I’ve recently been struggling getting LXD bootstrapping in a snappy fashion with the times getting slower and slower. So on investigating the cloud-init-output.log of the bootstrapped controller, it spends a LOT of time downloading the sources from apt.
Knowing that I’m pretty much downloading the same thing over and over again, @jameinel suggested using an apt-cache. The following is an outline of doing this using a docker image, so that I don’t have to install anything else on to my host system (assuming you’ve already got docker installed!).
The following runs the apt-cache version 3.1-2 in daemon mode.
Then to get juju to use the cache, copy the url on the index page of cacher (ips can vary) http://0.0.0.0:3142/ and keep it written down for later. Then locate your lxc server address from lxc info, generally speaking it’ll be the local url (starts with 192.168,) or your bridge address (starts with 10.), copy that and use it later for the template.
Use the following template of clouds.yaml to update your ~/.local/share/juju/clouds.yaml
clouds:
lxd:
type: lxd
auth-types: [certificate]
endpoint: ${URL FROM LXC}
regions:
default:
endpoint: ${URL FROM LXC}
config:
apt-http-proxy: ${URL FROM APT-CACHER}
Then bootstrap the lxd cloud and enjoy your fruits of your labour.
I’ll mention that if you have a general device on your network, you can also configure:
$ cat /etc/apt/apt.conf.d/95-juju-proxy-settings
Acquire::http::Proxy "http://${URL FROM APT-CACHER}:3142";
Acquire::https::Proxy "http://${URL FROM APT-CACHER}:3142";
I personally have a NUC sitting on the network and point all my containers and my Linux boxes at that cache. That means that day-to-day updates seed the cache, so everything gets happier.
(edited because I missed the --publish 3142:3142 line which you’re already doing)

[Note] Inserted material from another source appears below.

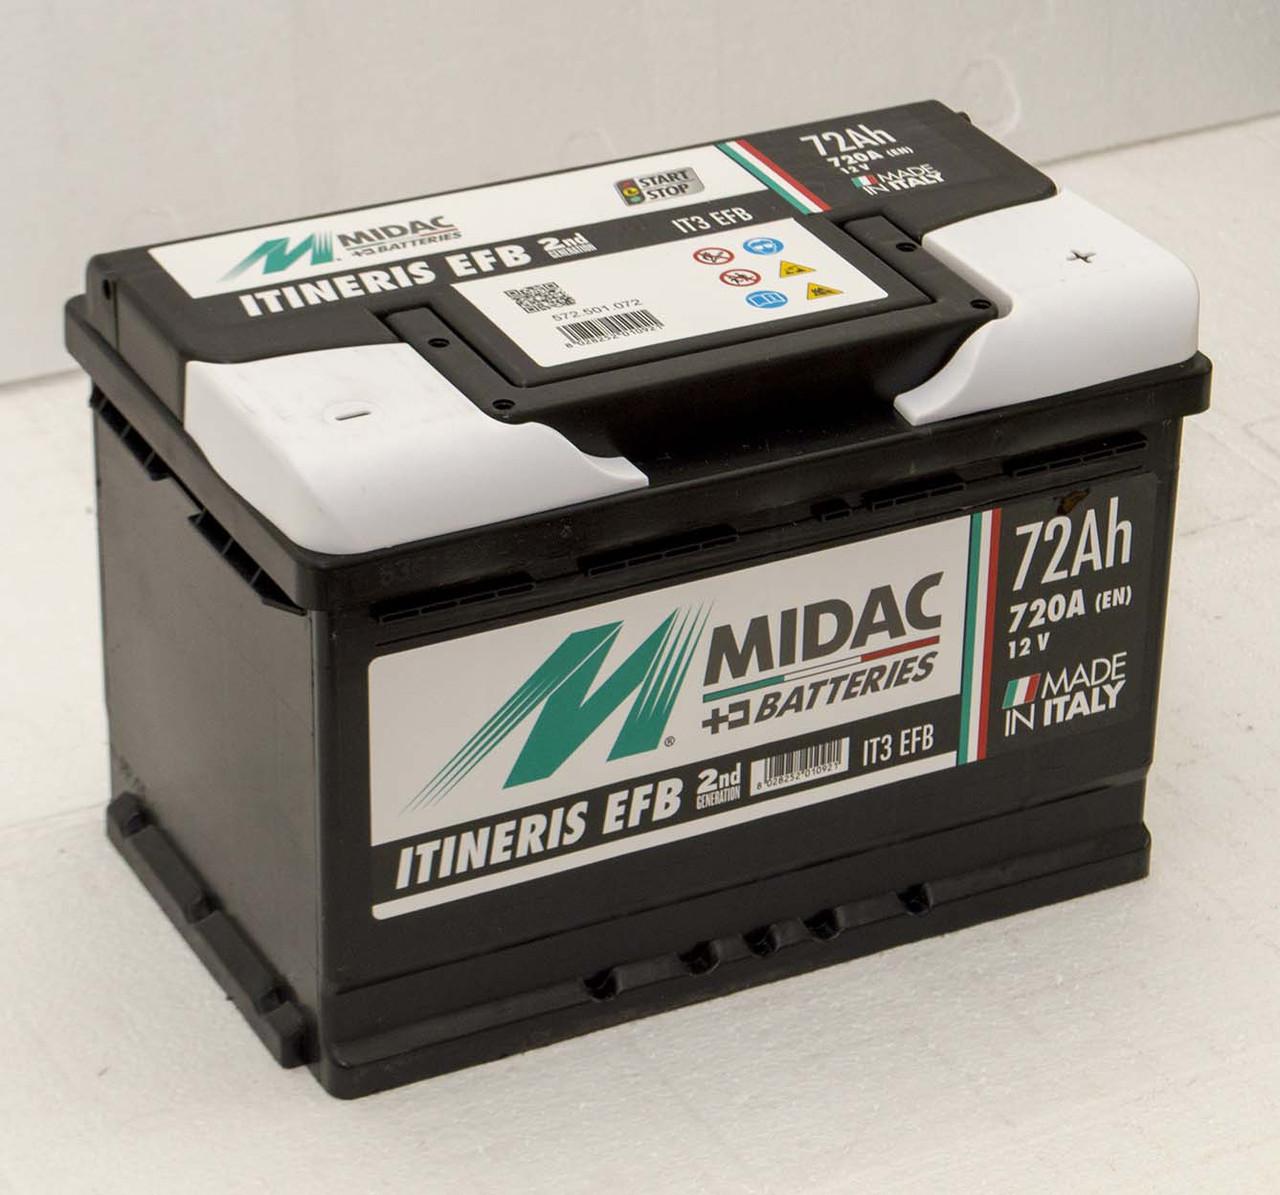 Аккумулятор 6СТ-72A MIDAC ITINERIS EFB START STOP, 12V, 72Ah, R Мидак Итинерис, 12В, 72Ач, EN720А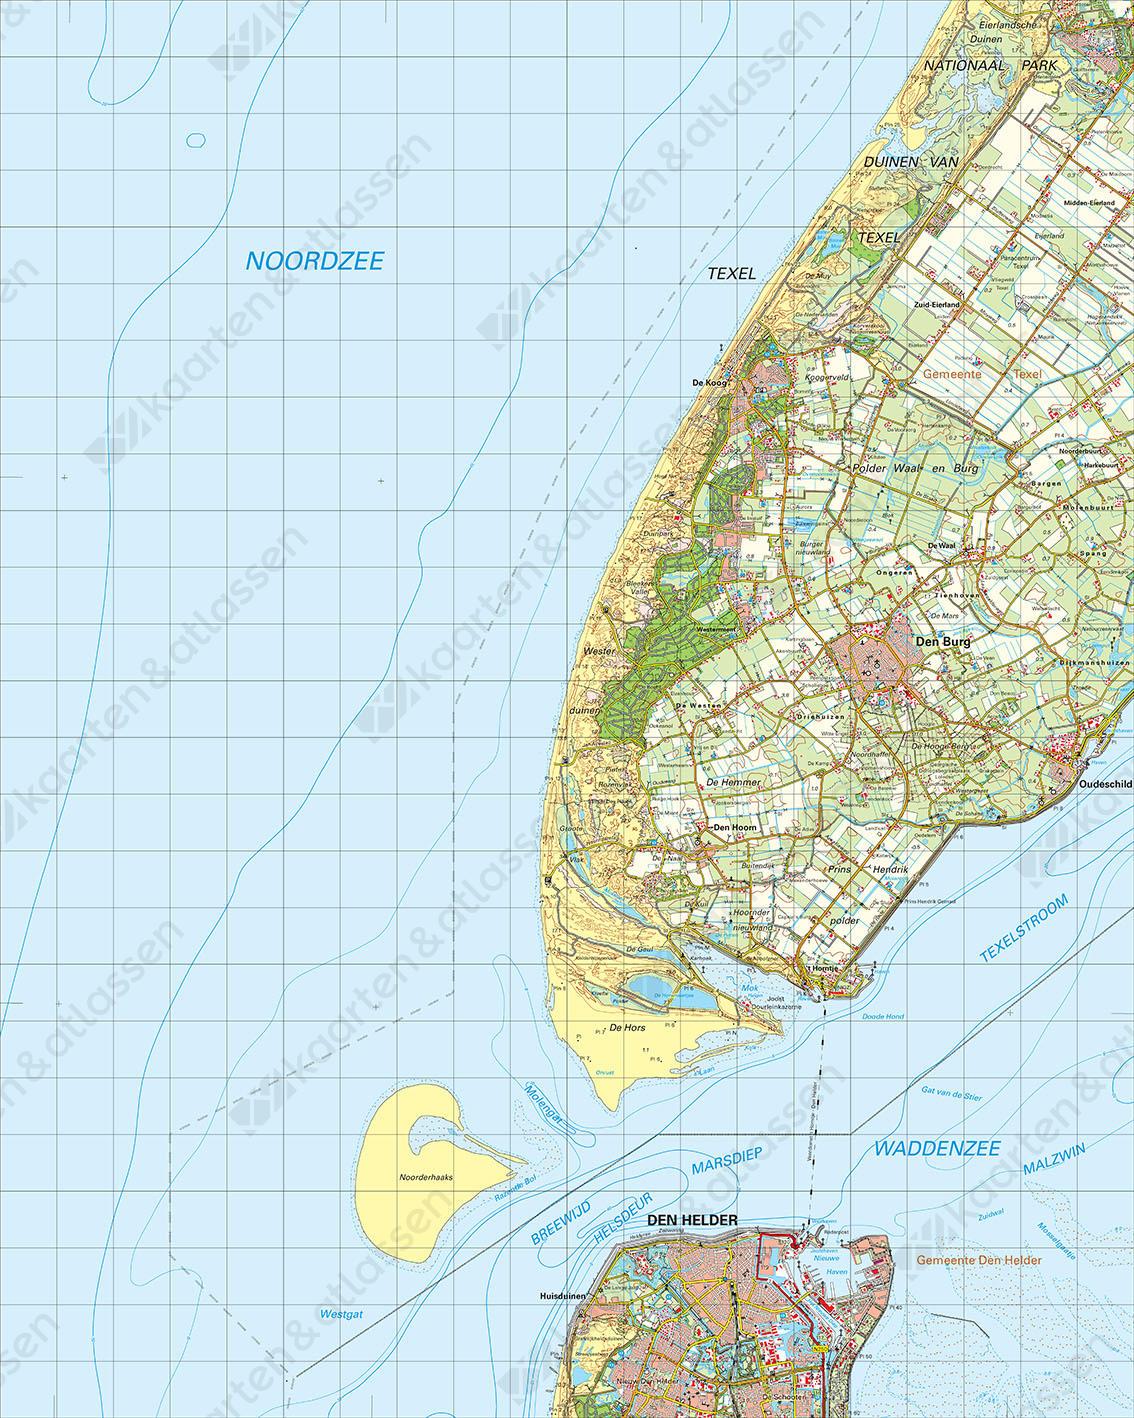 Digitale Topografische Kaart 9 West Den Helder

I think one of the reasons why the apt update part of bootstrap gets slow is that the LXD images get stale. There’s an auto-update setting which can be enabled to ensure the images are kept current. Even with an apt cache, the processing of new packages still can take a bit of time.
You can use lxc image edit juju/bionic/amd64 (and same for trusty, xenial, zestry etc) to set the auto-update property of the images Juju uses to true.
I’m not sure why Juju doesn’t ensure this is set true by default. Perhaps we should change that?
I’ve written up my approach and code in my juju-lxd-tweaks repo.
It effectively does an auto-cache of the LXD image used by Juju, but it also installs the binary agent for the installed version of Juju and installs dependencies for the charm reactive framework.
@simonrichardson is there a way to update a cloud sitting on the controller with this using some juju command or how do I apply this setting to already existing clouds on the controller?
Also, in the model-config, there are a few config options:
The documentation doesn’t say when to use a “apt-mirror” vs “apt-https-proxy” - especially if used together…
I know that its possible to set on the controller, but since I’d like to set this on a “region/cloud” level - I don’t know how to set this for controller-level-clouds.
apt-mirror is “I’m hosting a completely different site at https://my-mirror-of-host” with a different base URL, vs at apt-proxy is “make your requests to the same URL but go via an http proxy”. The only difference for juju’s http-proxy vs apt-http-proxy is that the latter is only configured for apt, not all http content. Think apt-cacher-ng vs squid proxy. (They both functionally do something very similar, though.)
The mirrors is more like: Mirrors : Ubuntu
Where you want to change the root URL and all the content that you download to a site that is closer to you.
I doubt you would set up your own mirror, most people would just set up a local caching proxy.
So I was actually meaning your own personal machine (if I’m going to be running a caching proxy, you should have the host machine also use the proxy, as then it always gets seeded with new updates, both for your host and for the containers that you run.)
Yeah - makes sense. We did deploy one on a separate host+container which now serves the whole network and are rolling that out model by model. Setting the “model-defaults” isn’t having an affect on already existing models.
Just noting here to save other people some time. I’ve recently had issues where apt-cacher was failing to find the hostnames for the archive urls. I updated the version of the docker image and this fixed it. The hardcoded version in the original post is quite old now.